What is required: The copy you give must match the listing below exactly and contain no pictures.

Given data:
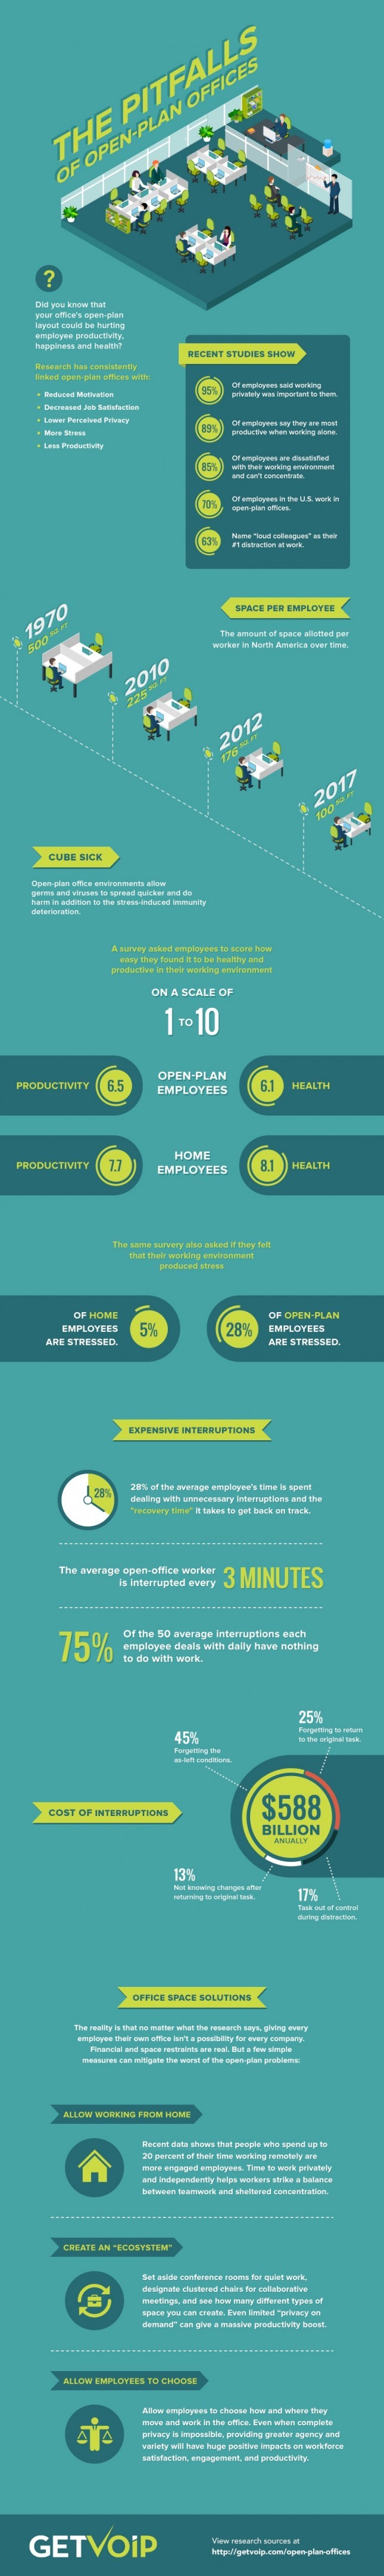 open-plan-offices-infographic
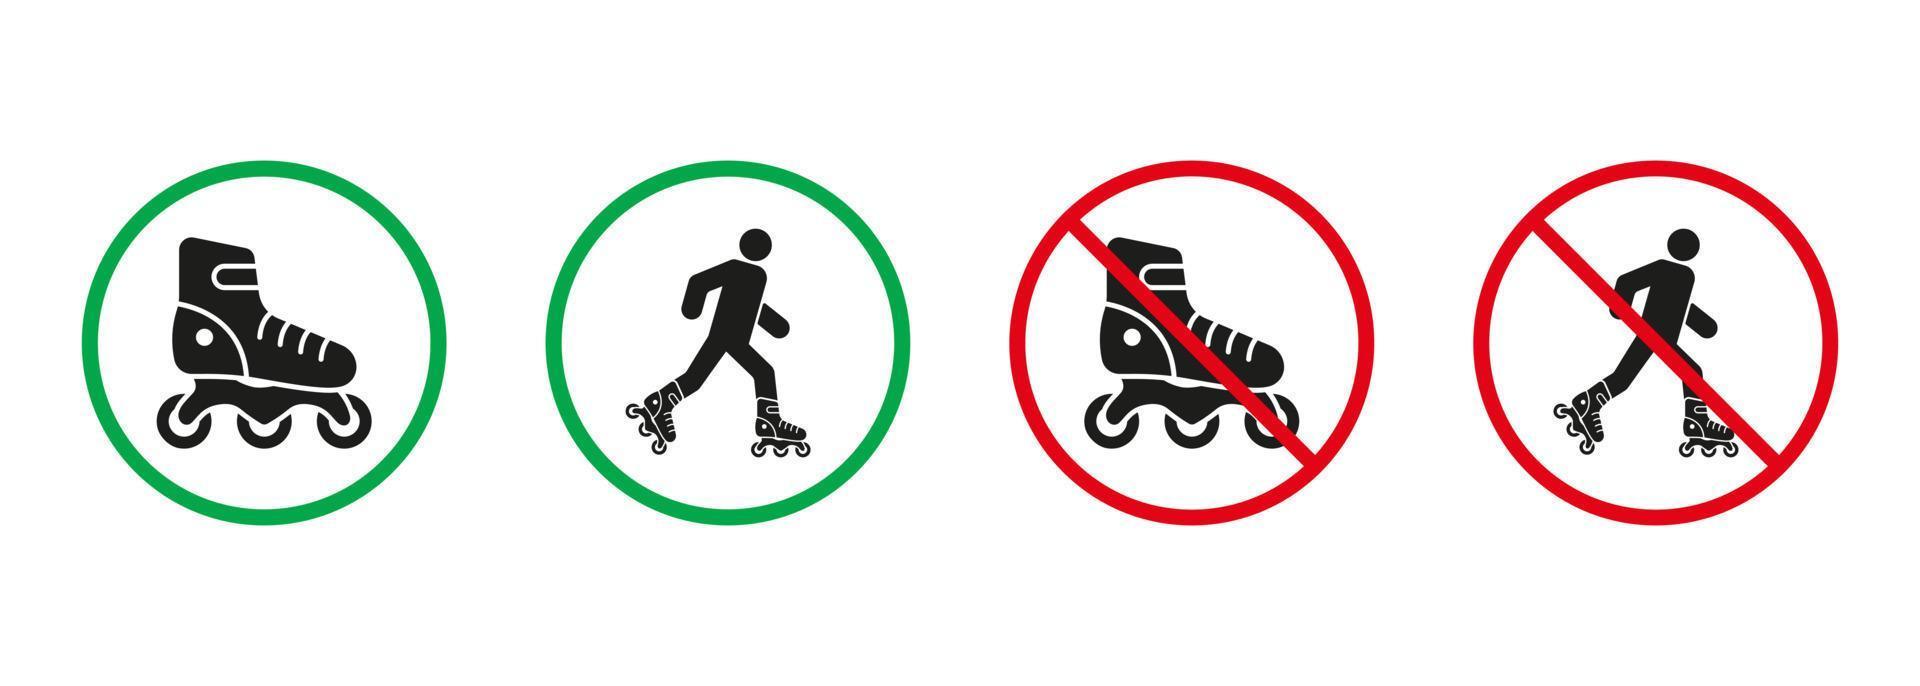 Man in Roller Skate Red and Green Signs. Rollerblading Silhouette Icons Set. Allowed and Prohibited Rollerskate, Entry with Eco Transport Pictogram. Isolated Vector Illustration.
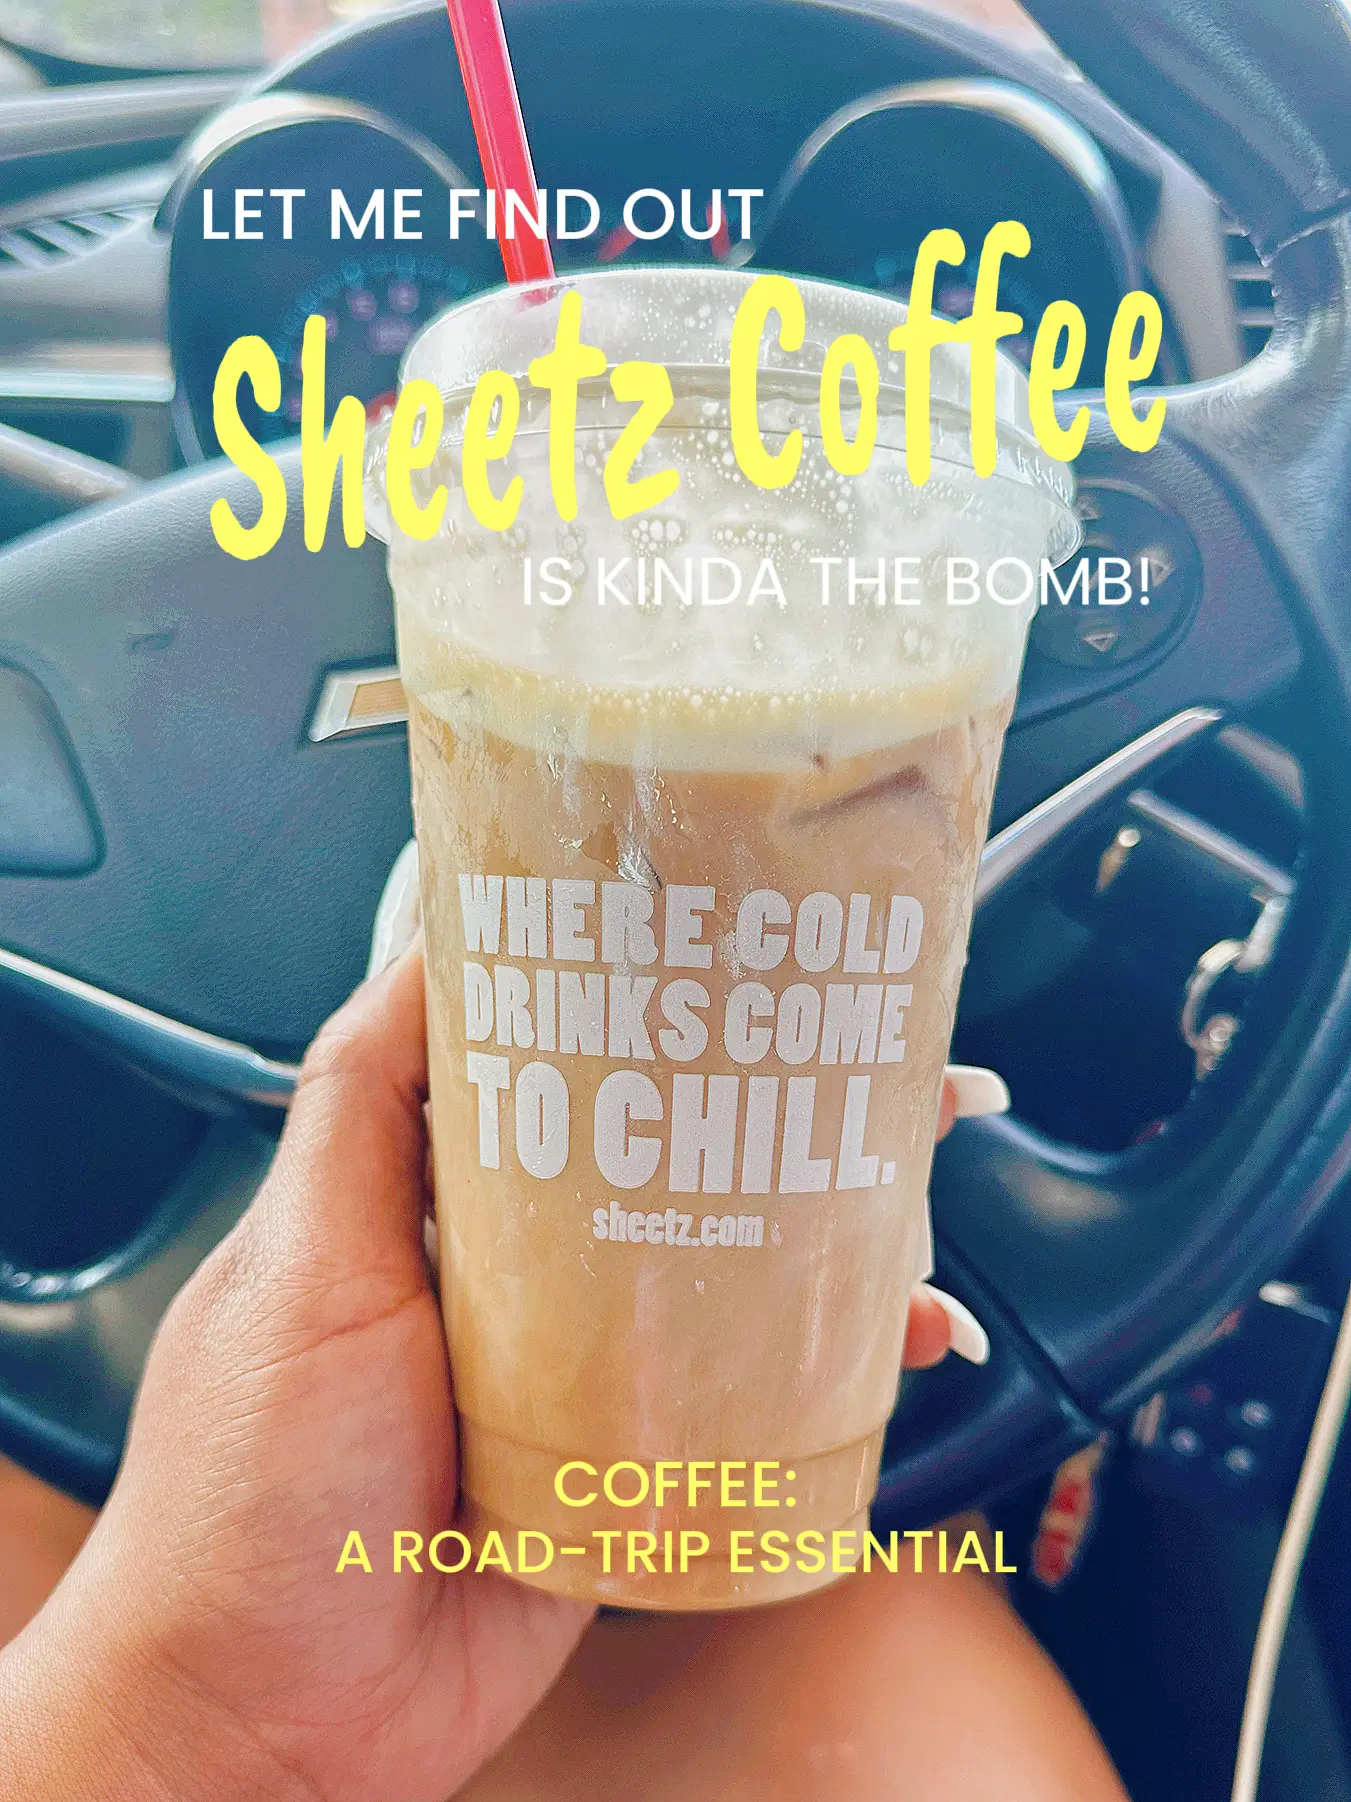 Sheetz Cold Brew! ☕️, Gallery posted by Courtney Renee

Written response:
 open-plan-offices-infographic
 Man in Roller Skate Red and Green Signs. Rollerblading Silhouette Icons Set. Allowed and Prohibited Rollerskate, Entry with Eco Transport Pictogram. Isolated Vector Illustration.
 Sheetz Cold Brew! ☕️, Gallery posted by Courtney Renee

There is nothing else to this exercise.